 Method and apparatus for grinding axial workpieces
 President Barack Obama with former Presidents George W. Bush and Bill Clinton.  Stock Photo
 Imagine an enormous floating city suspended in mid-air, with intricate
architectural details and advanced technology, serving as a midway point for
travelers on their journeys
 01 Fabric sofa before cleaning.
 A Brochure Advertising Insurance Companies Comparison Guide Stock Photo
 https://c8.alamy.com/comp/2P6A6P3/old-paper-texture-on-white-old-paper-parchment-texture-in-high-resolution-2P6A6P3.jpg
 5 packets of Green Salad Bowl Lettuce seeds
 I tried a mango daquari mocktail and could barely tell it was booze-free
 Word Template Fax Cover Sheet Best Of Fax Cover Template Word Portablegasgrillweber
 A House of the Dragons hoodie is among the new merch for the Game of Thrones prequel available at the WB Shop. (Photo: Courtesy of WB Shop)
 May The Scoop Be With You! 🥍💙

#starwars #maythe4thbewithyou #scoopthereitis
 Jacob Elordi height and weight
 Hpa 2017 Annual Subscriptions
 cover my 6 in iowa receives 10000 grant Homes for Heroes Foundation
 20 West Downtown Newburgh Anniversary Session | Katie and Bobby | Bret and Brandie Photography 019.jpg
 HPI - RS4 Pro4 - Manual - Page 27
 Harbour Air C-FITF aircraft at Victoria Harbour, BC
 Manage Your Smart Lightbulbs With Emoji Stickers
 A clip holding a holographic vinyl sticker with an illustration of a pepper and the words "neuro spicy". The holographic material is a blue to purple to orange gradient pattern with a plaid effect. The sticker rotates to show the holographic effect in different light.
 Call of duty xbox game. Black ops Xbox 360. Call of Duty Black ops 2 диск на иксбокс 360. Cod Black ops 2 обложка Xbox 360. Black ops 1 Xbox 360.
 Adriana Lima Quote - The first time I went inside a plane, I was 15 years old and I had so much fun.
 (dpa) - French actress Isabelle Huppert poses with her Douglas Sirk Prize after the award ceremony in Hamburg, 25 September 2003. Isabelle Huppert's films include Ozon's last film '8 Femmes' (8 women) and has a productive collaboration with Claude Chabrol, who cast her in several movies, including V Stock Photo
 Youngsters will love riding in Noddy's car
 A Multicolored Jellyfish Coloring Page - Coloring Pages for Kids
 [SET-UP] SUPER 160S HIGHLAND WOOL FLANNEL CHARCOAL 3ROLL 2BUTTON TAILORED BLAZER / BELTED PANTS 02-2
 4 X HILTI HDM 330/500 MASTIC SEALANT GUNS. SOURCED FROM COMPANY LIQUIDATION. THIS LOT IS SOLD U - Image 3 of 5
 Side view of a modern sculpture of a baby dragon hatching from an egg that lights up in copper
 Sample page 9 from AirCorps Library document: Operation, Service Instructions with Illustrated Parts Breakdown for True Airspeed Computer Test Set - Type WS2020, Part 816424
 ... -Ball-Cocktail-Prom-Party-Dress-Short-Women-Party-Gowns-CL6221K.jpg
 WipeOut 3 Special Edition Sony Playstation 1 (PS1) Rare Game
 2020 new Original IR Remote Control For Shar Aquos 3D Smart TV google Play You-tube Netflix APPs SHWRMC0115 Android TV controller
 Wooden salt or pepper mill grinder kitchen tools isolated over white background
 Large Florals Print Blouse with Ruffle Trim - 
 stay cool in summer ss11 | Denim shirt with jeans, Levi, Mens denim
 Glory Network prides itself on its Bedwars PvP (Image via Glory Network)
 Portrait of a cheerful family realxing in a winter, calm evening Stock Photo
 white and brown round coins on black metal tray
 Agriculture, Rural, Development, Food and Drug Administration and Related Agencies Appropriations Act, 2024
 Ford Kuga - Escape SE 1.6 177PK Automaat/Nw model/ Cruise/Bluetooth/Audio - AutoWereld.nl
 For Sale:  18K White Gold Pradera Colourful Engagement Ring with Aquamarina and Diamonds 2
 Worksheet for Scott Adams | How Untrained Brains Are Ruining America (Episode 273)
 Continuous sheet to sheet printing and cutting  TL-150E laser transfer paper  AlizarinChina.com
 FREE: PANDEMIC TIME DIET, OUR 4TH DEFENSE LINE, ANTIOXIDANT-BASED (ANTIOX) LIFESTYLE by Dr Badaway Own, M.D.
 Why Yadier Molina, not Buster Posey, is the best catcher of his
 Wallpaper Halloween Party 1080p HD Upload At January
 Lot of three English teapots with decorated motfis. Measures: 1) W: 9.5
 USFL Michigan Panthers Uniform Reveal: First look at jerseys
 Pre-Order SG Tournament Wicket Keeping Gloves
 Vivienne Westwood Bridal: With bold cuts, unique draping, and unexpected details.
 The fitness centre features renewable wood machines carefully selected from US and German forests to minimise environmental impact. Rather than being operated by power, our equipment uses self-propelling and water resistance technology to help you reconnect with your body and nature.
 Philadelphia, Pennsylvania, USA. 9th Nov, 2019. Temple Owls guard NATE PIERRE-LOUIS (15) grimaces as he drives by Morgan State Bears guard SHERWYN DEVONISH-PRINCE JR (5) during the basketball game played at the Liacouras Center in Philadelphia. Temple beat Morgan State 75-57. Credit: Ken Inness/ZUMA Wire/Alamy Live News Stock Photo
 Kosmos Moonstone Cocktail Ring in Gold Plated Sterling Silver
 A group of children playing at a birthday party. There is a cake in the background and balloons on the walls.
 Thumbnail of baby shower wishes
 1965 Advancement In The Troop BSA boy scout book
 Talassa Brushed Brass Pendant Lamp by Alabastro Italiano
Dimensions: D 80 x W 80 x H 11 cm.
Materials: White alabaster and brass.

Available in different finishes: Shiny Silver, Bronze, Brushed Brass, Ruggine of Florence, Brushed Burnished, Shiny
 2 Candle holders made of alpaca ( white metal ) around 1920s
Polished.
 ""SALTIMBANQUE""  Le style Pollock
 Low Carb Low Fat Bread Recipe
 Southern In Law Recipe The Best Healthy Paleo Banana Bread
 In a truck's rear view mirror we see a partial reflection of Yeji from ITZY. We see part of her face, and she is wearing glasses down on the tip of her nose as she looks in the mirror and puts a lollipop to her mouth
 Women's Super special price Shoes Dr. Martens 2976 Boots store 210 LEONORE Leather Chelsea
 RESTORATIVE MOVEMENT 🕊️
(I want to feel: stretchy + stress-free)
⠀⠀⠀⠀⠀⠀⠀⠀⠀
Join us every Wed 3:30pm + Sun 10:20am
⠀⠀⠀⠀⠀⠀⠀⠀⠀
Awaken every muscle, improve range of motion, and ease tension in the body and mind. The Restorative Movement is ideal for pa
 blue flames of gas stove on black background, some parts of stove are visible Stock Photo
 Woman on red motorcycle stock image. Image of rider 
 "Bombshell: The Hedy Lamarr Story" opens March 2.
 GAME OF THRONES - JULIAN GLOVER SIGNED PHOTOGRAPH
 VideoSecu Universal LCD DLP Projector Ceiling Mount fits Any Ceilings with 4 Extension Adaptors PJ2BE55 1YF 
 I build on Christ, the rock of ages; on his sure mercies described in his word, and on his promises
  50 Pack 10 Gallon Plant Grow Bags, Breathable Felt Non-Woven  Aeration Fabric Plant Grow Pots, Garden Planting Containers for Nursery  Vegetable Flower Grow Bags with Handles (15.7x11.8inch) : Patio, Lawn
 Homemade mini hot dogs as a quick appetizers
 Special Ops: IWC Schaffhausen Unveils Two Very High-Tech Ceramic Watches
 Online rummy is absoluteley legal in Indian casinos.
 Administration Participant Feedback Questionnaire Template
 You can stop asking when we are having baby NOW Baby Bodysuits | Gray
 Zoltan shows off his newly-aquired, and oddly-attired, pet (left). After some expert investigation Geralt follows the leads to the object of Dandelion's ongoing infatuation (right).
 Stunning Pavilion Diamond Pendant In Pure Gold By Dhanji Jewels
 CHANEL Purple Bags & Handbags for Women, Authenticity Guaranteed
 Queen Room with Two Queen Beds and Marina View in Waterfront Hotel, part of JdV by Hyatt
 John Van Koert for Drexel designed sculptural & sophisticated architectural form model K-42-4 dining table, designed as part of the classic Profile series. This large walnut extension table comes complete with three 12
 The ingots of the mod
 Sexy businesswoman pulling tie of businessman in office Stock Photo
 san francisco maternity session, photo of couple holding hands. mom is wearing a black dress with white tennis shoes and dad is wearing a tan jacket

----------------------------------------

§ Task
Copy out the lines above exactly, beginning at the one that contains "Southern In Law" and ending at the one that contains "You can stop".

§ Solution to this problem
 Southern In Law Recipe The Best Healthy Paleo Banana Bread
 In a truck's rear view mirror we see a partial reflection of Yeji from ITZY. We see part of her face, and she is wearing glasses down on the tip of her nose as she looks in the mirror and puts a lollipop to her mouth
 Women's Super special price Shoes Dr. Martens 2976 Boots store 210 LEONORE Leather Chelsea
 RESTORATIVE MOVEMENT 🕊️
(I want to feel: stretchy + stress-free)
⠀⠀⠀⠀⠀⠀⠀⠀⠀
Join us every Wed 3:30pm + Sun 10:20am
⠀⠀⠀⠀⠀⠀⠀⠀⠀
Awaken every muscle, improve range of motion, and ease tension in the body and mind. The Restorative Movement is ideal for pa
 blue flames of gas stove on black background, some parts of stove are visible Stock Photo
 Woman on red motorcycle stock image. Image of rider 
 "Bombshell: The Hedy Lamarr Story" opens March 2.
 GAME OF THRONES - JULIAN GLOVER SIGNED PHOTOGRAPH
 VideoSecu Universal LCD DLP Projector Ceiling Mount fits Any Ceilings with 4 Extension Adaptors PJ2BE55 1YF 
 I build on Christ, the rock of ages; on his sure mercies described in his word, and on his promises
  50 Pack 10 Gallon Plant Grow Bags, Breathable Felt Non-Woven  Aeration Fabric Plant Grow Pots, Garden Planting Containers for Nursery  Vegetable Flower Grow Bags with Handles (15.7x11.8inch) : Patio, Lawn
 Homemade mini hot dogs as a quick appetizers
 Special Ops: IWC Schaffhausen Unveils Two Very High-Tech Ceramic Watches
 Online rummy is absoluteley legal in Indian casinos.
 Administration Participant Feedback Questionnaire Template
 You can stop asking when we are having baby NOW Baby Bodysuits | Gray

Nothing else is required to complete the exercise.